Link policies to projects:
Workspace guardrail policies are available to all projects, but each project must activate them:
- Open the project in Studio.
- Go to Project settings > Guardrails.
- Toggle on the workspace guardrail policies to enforce for this project.
- Optionally adjust thresholds at the project level. Project settings override workspace defaults when more restrictive.
How workspace and project guardrails interact:
- Workspace policies evaluate first. If a workspace guardrail blocks content, the project guardrail is not consulted.
- Project policies add specificity — use them for domain-specific rules, for example blocking financial advice in a customer support agent.
- The most restrictive action wins. If the workspace policy says warn but the project policy says block for the same category, the content is blocked.
Auth Profiles
Auth profiles store authentication configurations that agent tools use to call external services securely. Profiles are managed centrally at the workspace level and reused across all projects.
- Navigation: Settings > AI Configuration > Auth Profiles
- Required role: Owner or Admin
The page is organized into two tabs: All Profiles and Integrations.
All Profiles
The All Profiles tab lists all auth profiles configured for the workspace. Use the toolbar to search by profile name, filter by authentication type, or filter by status (active or inactive).
Add a profile:
Click Add Profile. Two profile types are available:
| Type | Description |
|---|
| Custom Profile | Configure a custom authentication scheme with manually specified credentials and settings. |
| Integration Profile | Configure authentication for a supported third-party integration. |
Supported auth types:
| Type | Description |
|---|
| OAuth 2.0 | Authorization code, client credentials, and implicit flows. |
| API key | Header or query parameter injection. |
| Bearer token | Static or dynamically refreshed bearer tokens. |
| Basic auth | Username and password combinations. |
| Custom | Arbitrary header or body injection for non-standard auth schemes. |
Auth profile credentials are encrypted at rest and never exposed in logs or agent responses.

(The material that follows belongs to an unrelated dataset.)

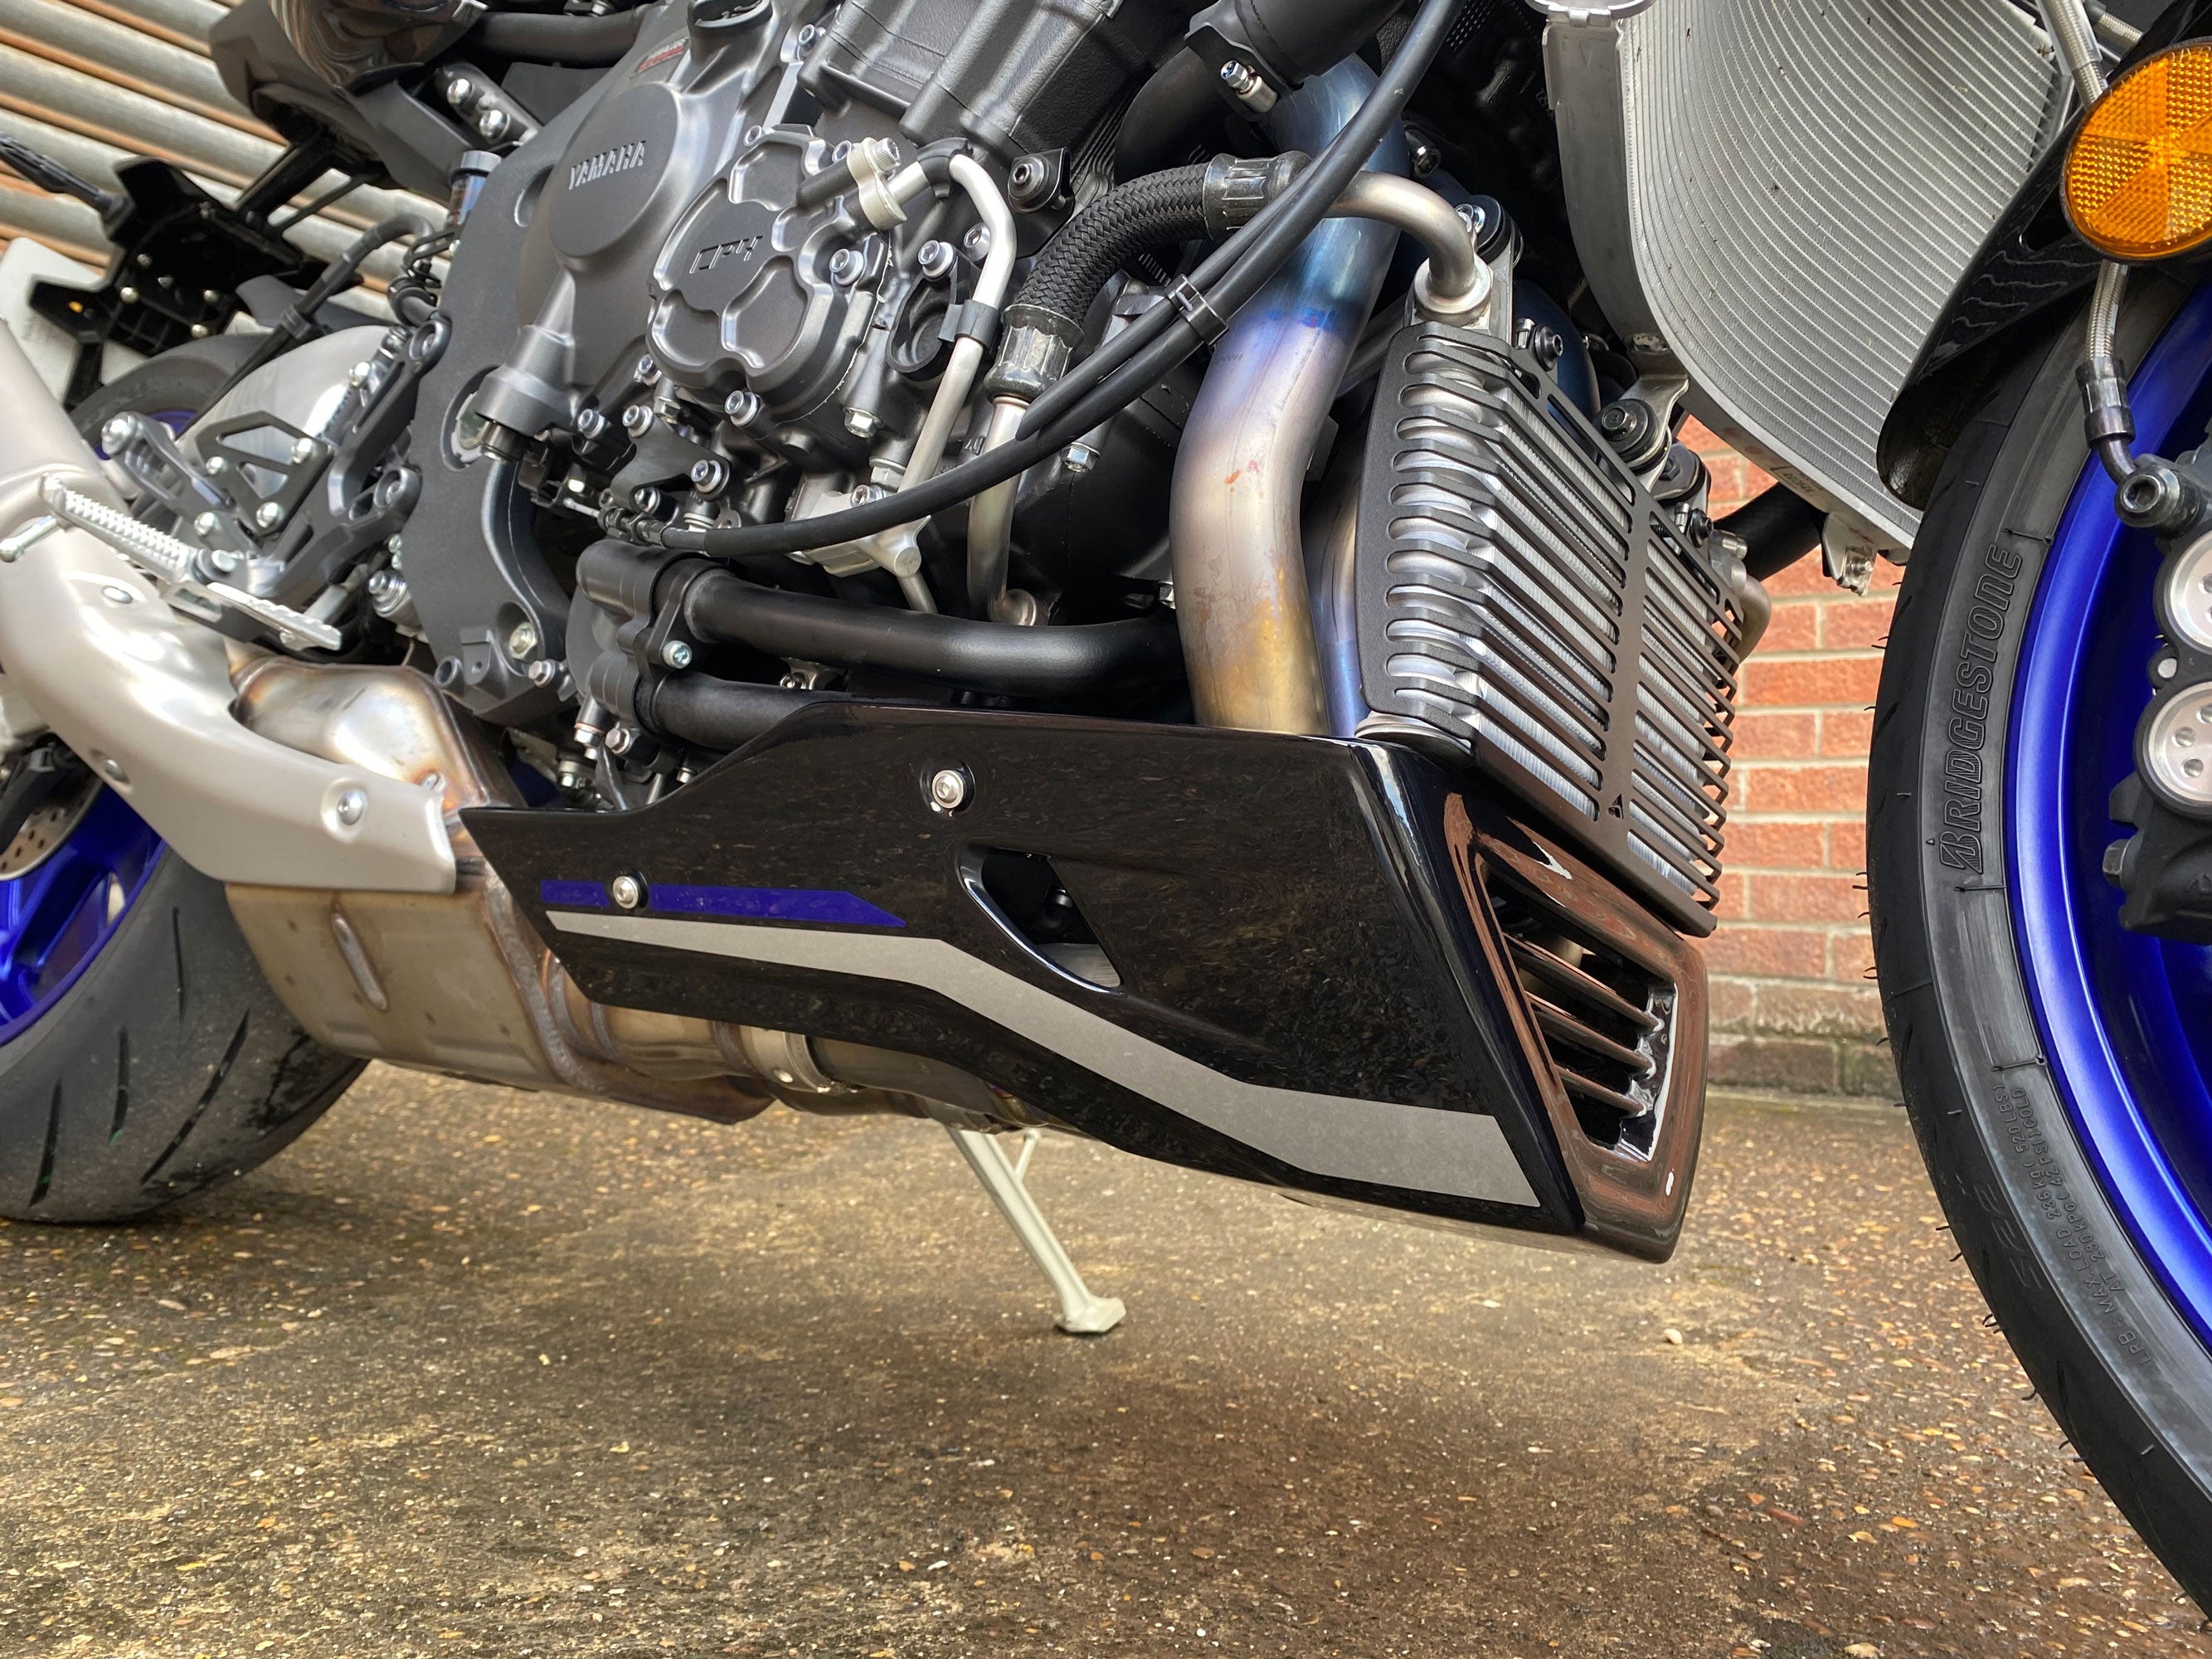 Pyramid Belly Pan | Gloss Black | Yamaha MT-10 2016>Current-22170B-Belly Pans-Pyramid Motorcycle Accessories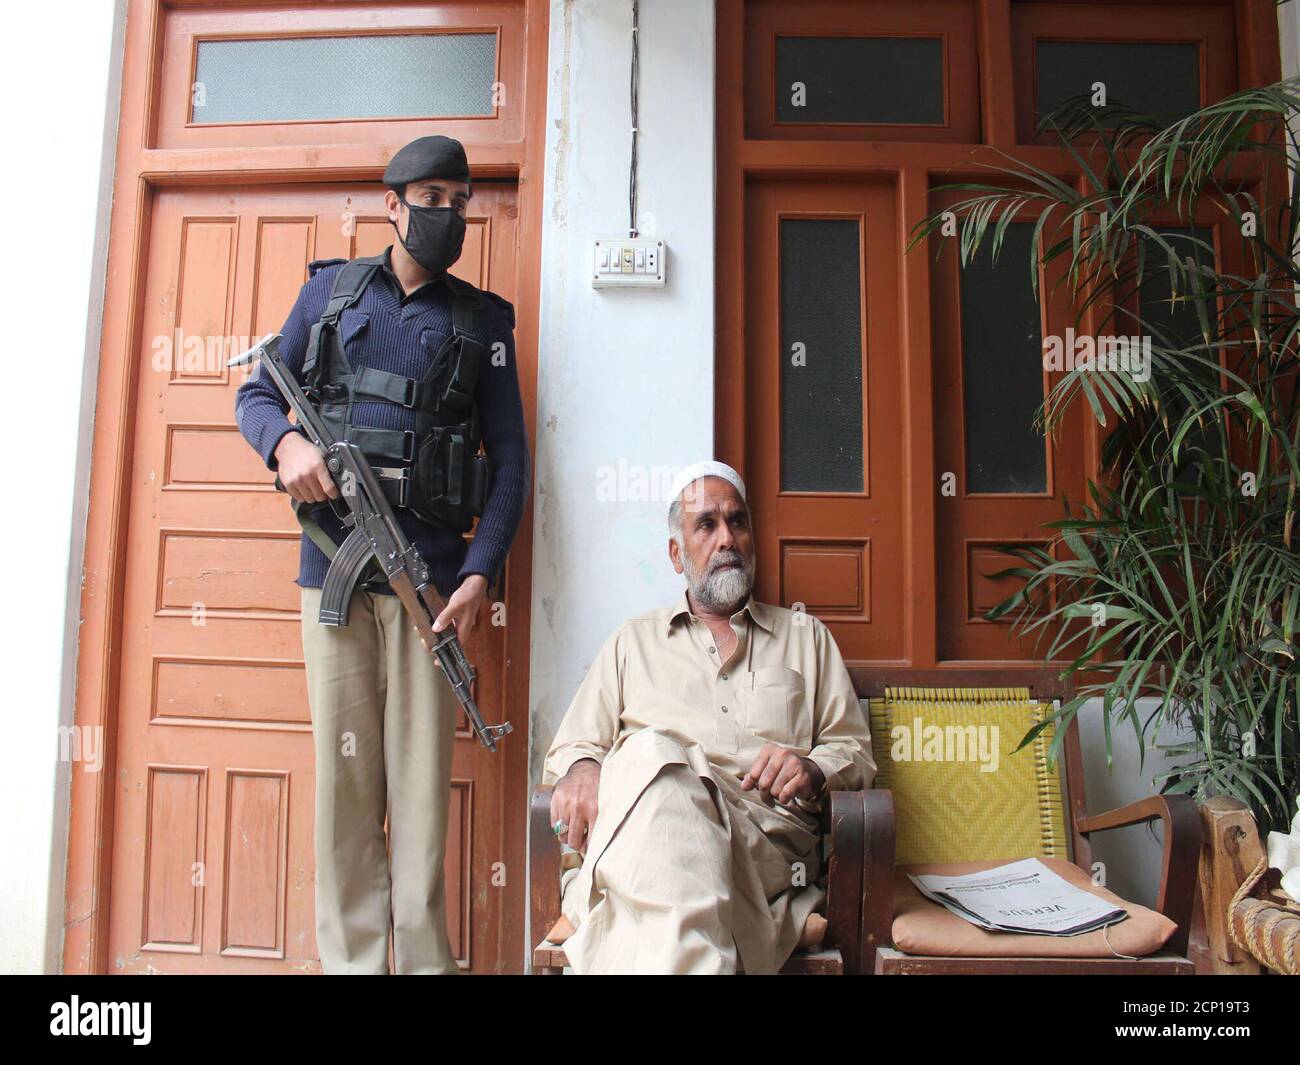 Swat Valley shopkeeper Abdur Rahim speaks with a Reuters correspondent as one of police bodyguards stands guard over him at his home in Mingora, Pakistan November 22, 2016. REUTERS/Hazrat Ali Bacha Stock Photo

Guardrail providers that require credentials must reference an auth profile. Raw API keys are not accepted directly in the guardrail provider configuration.
Integrations
The Integrations tab lists auth profiles configured for supported third-party integrations. Create these using the Integration Profile option from the Add Profile menu.
Using Auth Profiles
Once created, reference an auth profile by name in tool configurations and guardrail provider settings. The platform resolves the profile at runtime and injects the correct credentials without exposing them in agent definitions, logs, or traces.